Чем выше в горы поднимался юноша, тем, казалось, ближе до Кештиоры, заживо погребенной в подземелье.
«Если я сумею взять силу у неба, Каменная Пасть не сможет причинить мне вреда. И тогда я спущусь и освобожу Кештиору. Только вот… я не страж. И уж тем более, не родился стра… Ой!»
Он едва не вскрикнул вслух, когда ему неожиданно заступили путь трое. С мечами.
Взмах — и голова Дерниля отлетела в сторону и ударилась о скалу. Нальдарн был куда более серьезным противником.
Затягивать бой было нельзя: в любой момент могли опять появиться горцы. К тому же, Конан продолжал терять кровь и знал, что сил у него надолго не хватит.
Они яростно бились у кромки пропасти, и любая ошибка могла стать последней для каждого из них.
Конан не делал ошибок. Нальдарн тоже. Пока.
* * *
Иргиль не стал обнажать оружие. Заклятие временной слепоты, одно из немногих, которые он успел освоить сам.
Оно отлично срабатывало с кочевниками и не раз спасало юноше жизнь, пока он в одиночку пробирался через степь.
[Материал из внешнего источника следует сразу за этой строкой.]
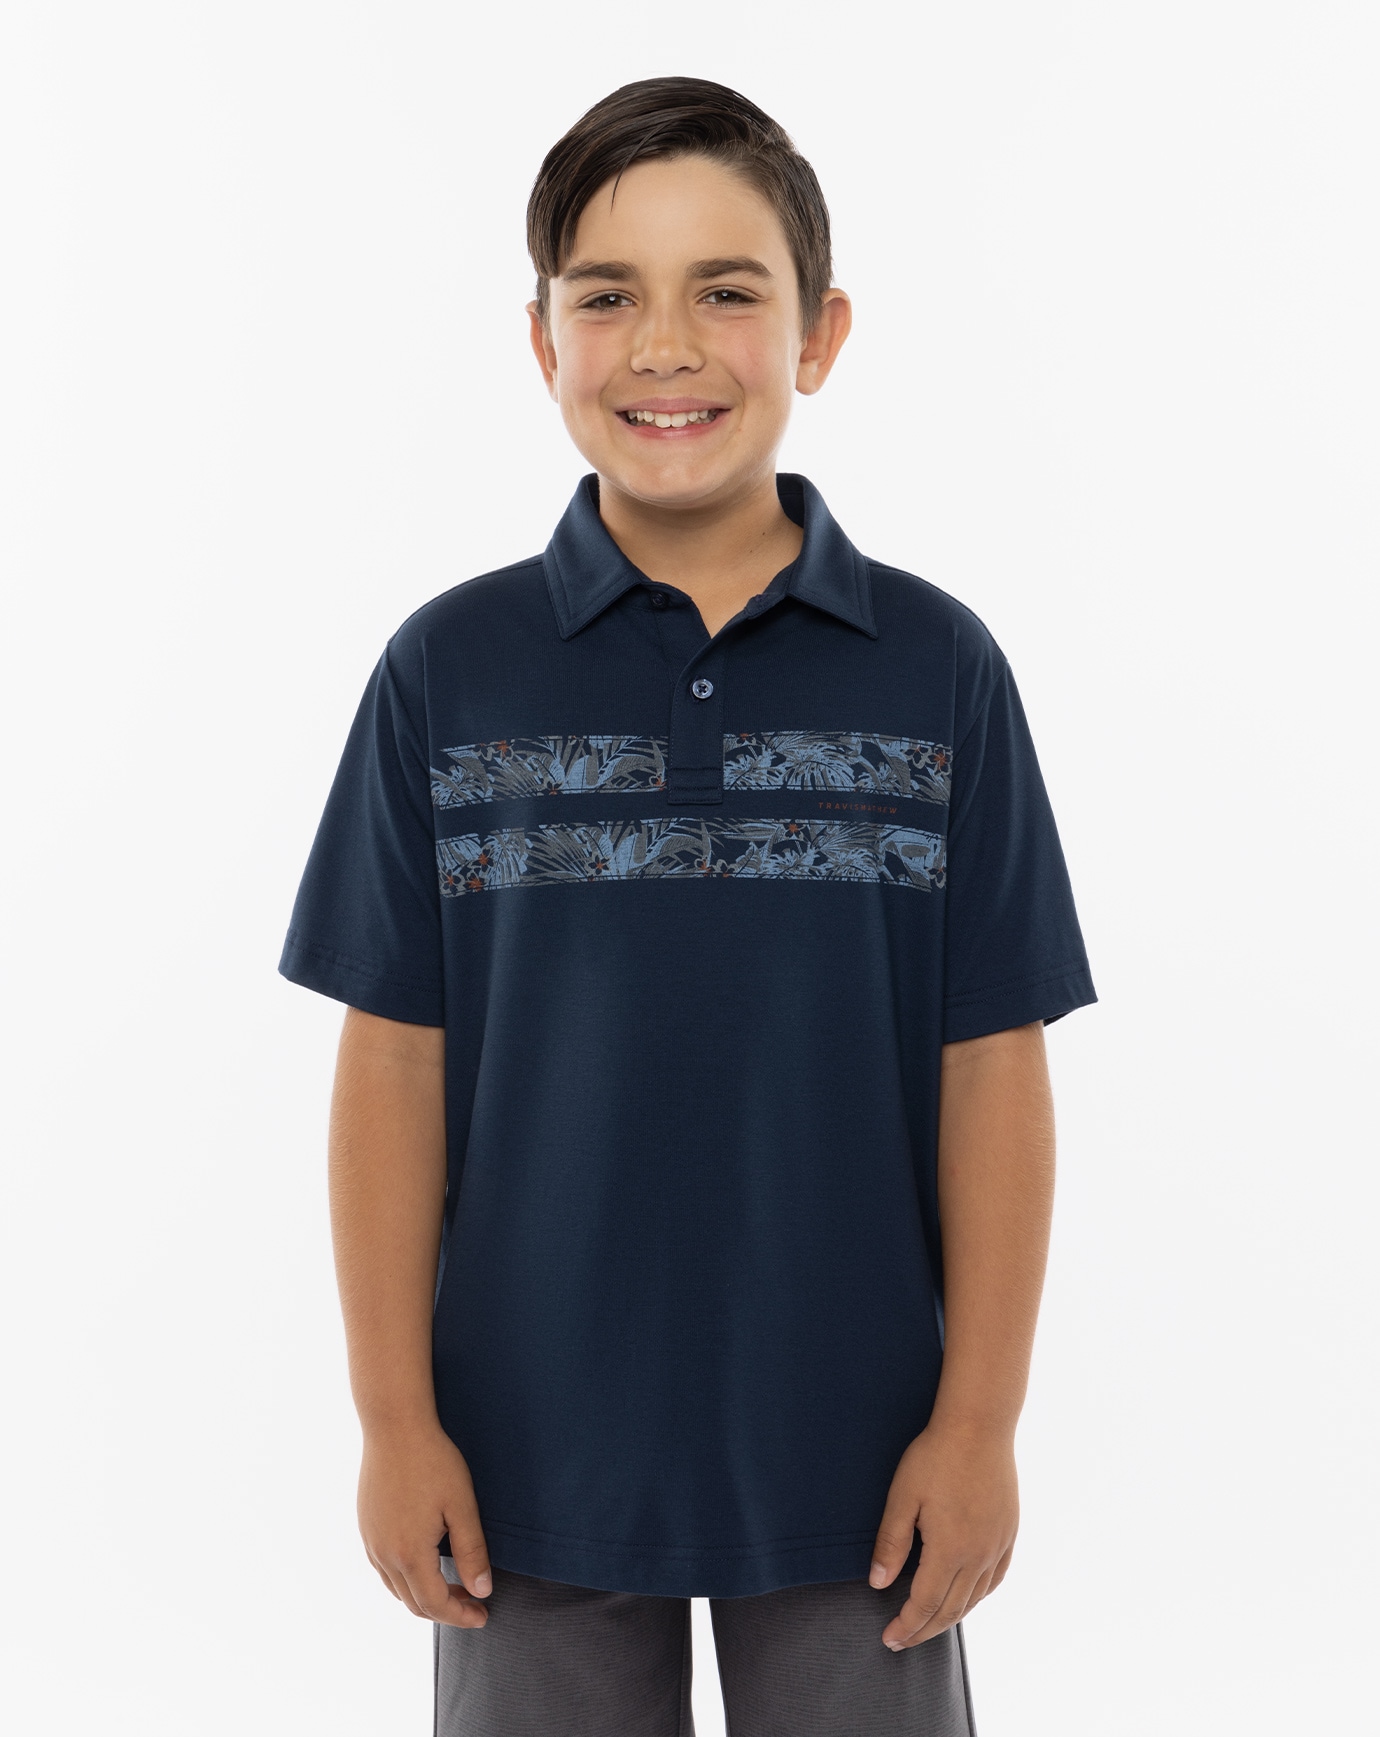 Related Product - PIER RUNNER YOUTH POLO

Вместе с умением отклонять в сторону летящие стрелы.
Иргиль предпочитал полагаться на колдовство. Ему не хотелось никого убивать.
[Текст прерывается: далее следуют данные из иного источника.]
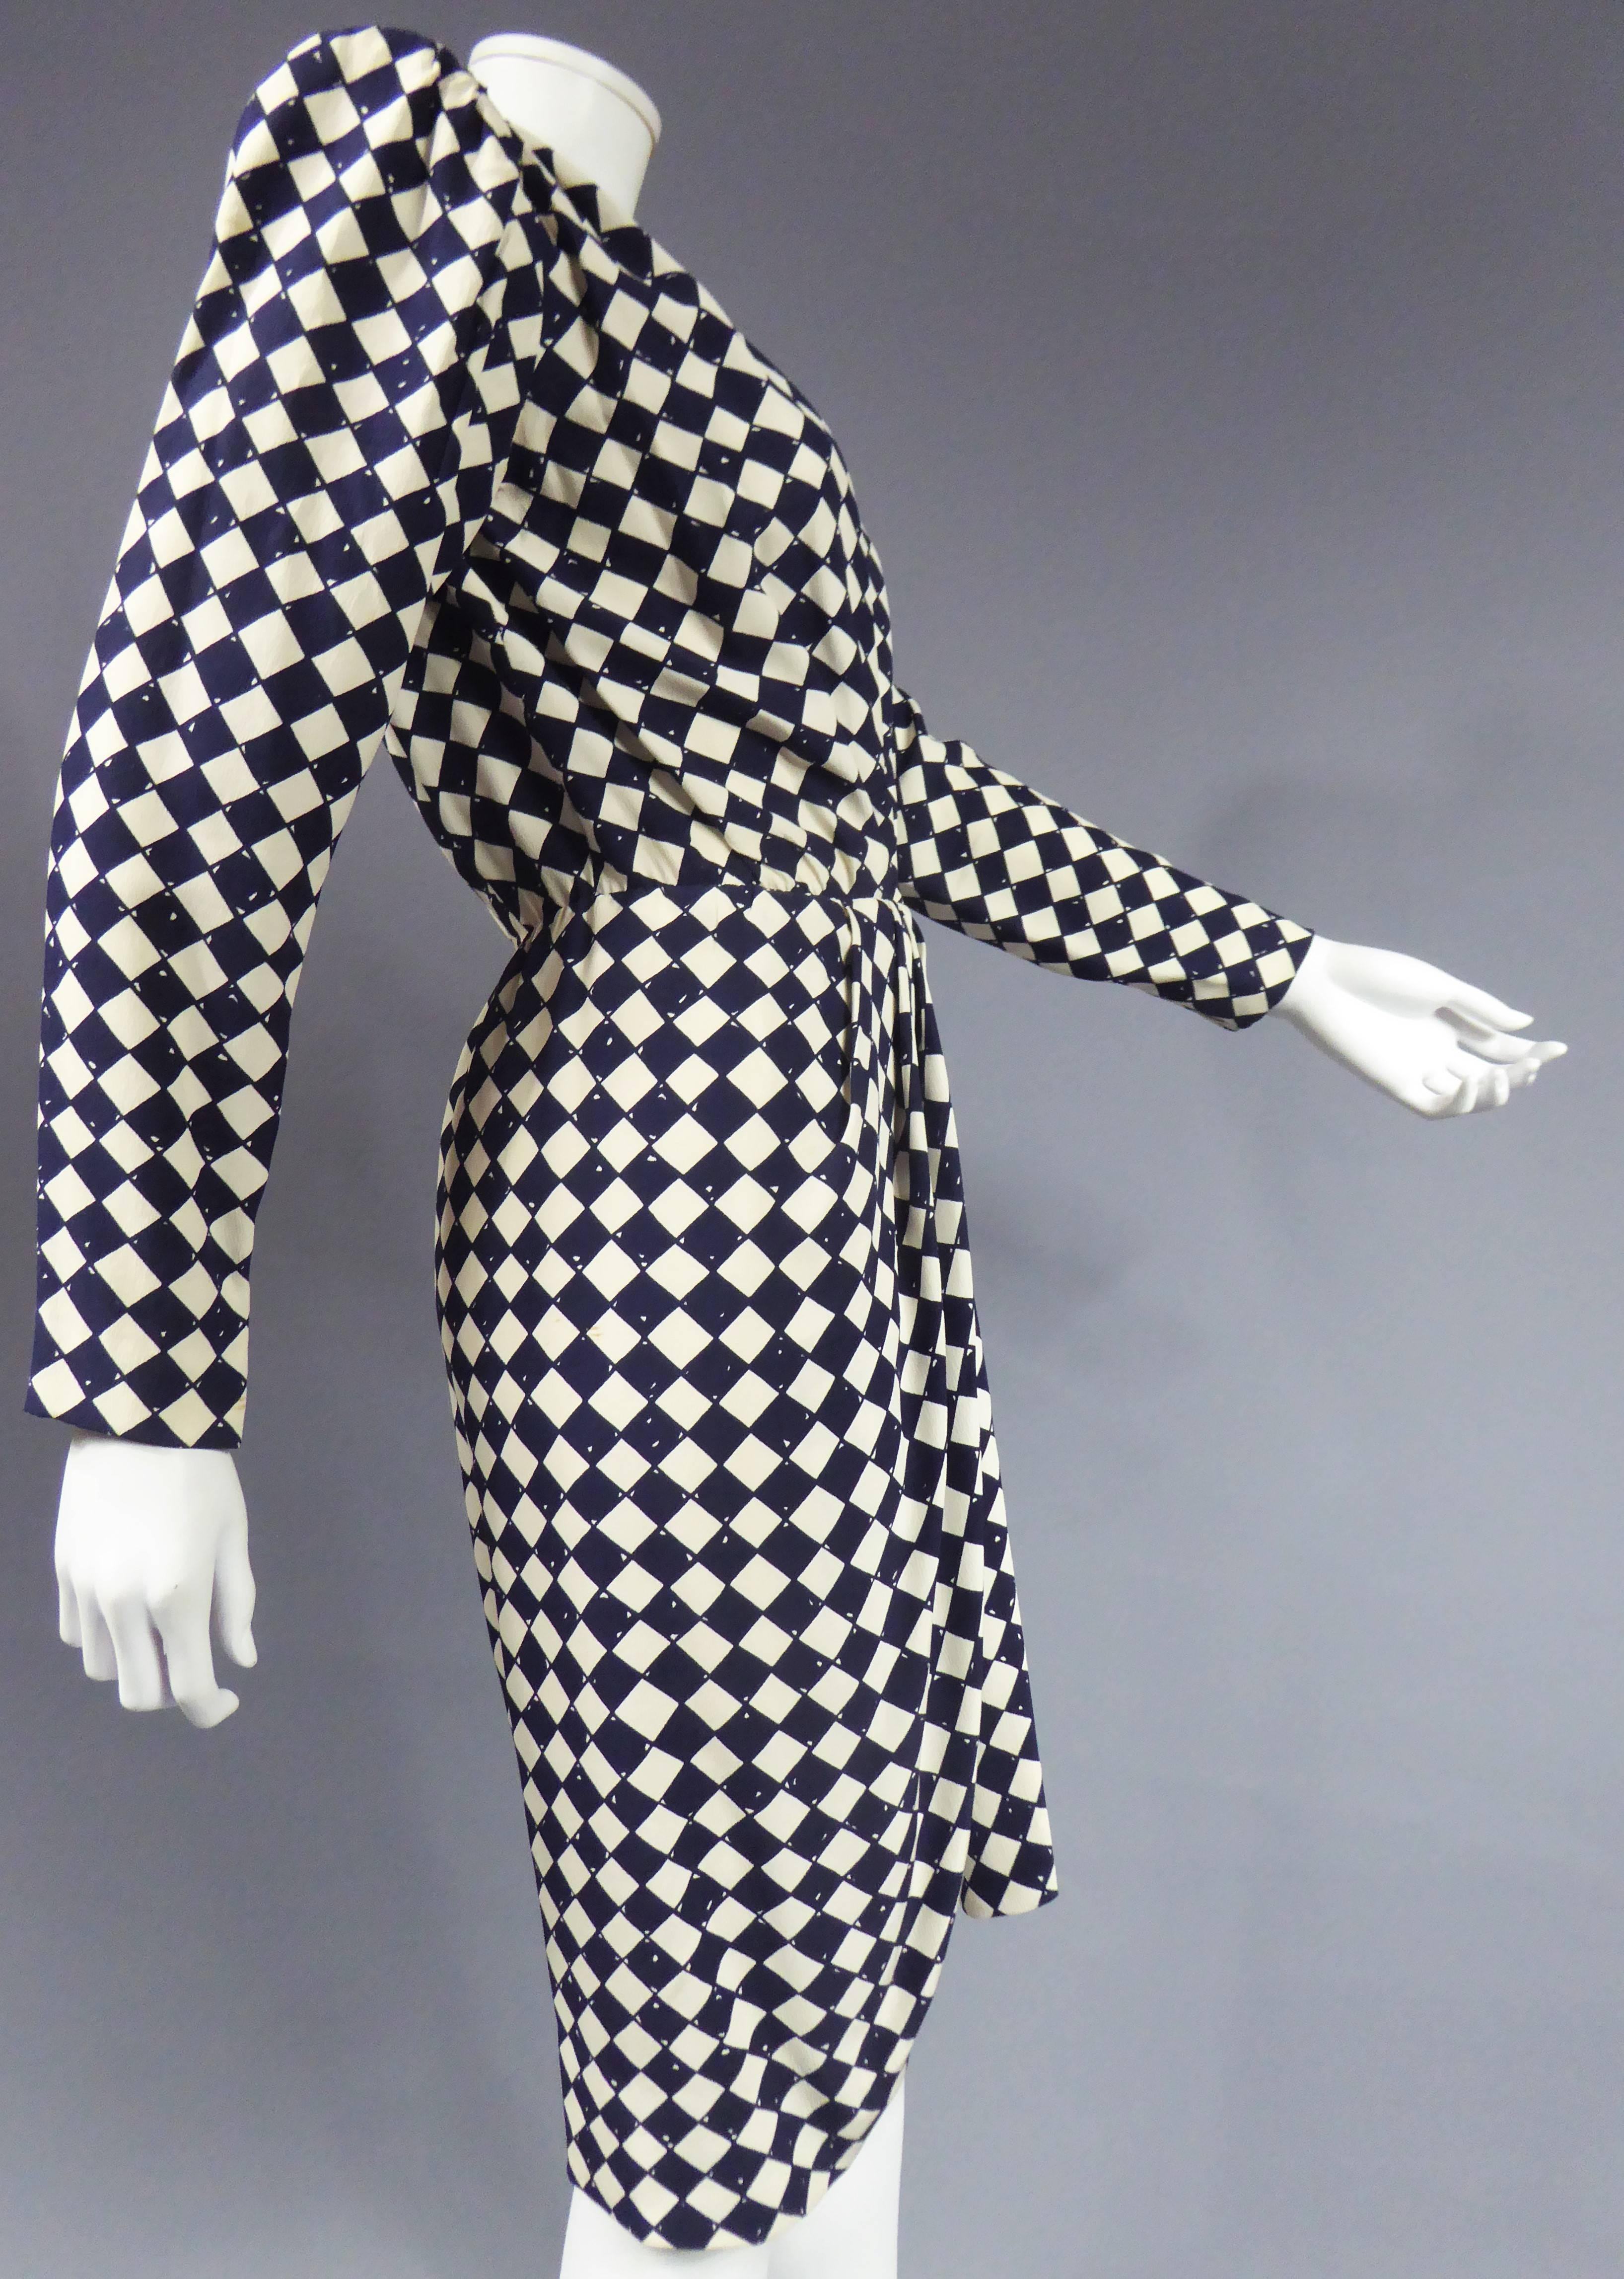 Hubert de Givenchy Haute Couture Numbered 77304 1

Но на этот раз магия не сработала. Он успел попробовать дважды, не в силах поверить, что волшебство не удалось. А потом острие клинка уперлось ему в горло, двое горцев повисли на плечах юноши, заламывая ему руки, и в запястья впились ремни.
Конан балансировал на самой кромке обрыва, всей кожей спины ощущая бездну, зияющую позади. Он все с большим трудом отбивал удары, кусая губы при каждом движении. Игра, призванная заставить противника потерять бдительность. Игра, слишком близкая к реальности, чтобы быть только игрой.
Игра…
И Нальдарн — поверил.
Его удар был нацелен в живот Конану. Последний удар этого поединка. Смертельный.
Но ослабевший, истекающий кровью противник отскочил с неожиданным проворством, и Нальдарн закачался на краю пропасти, отчаянно пытаясь удержать равновесие.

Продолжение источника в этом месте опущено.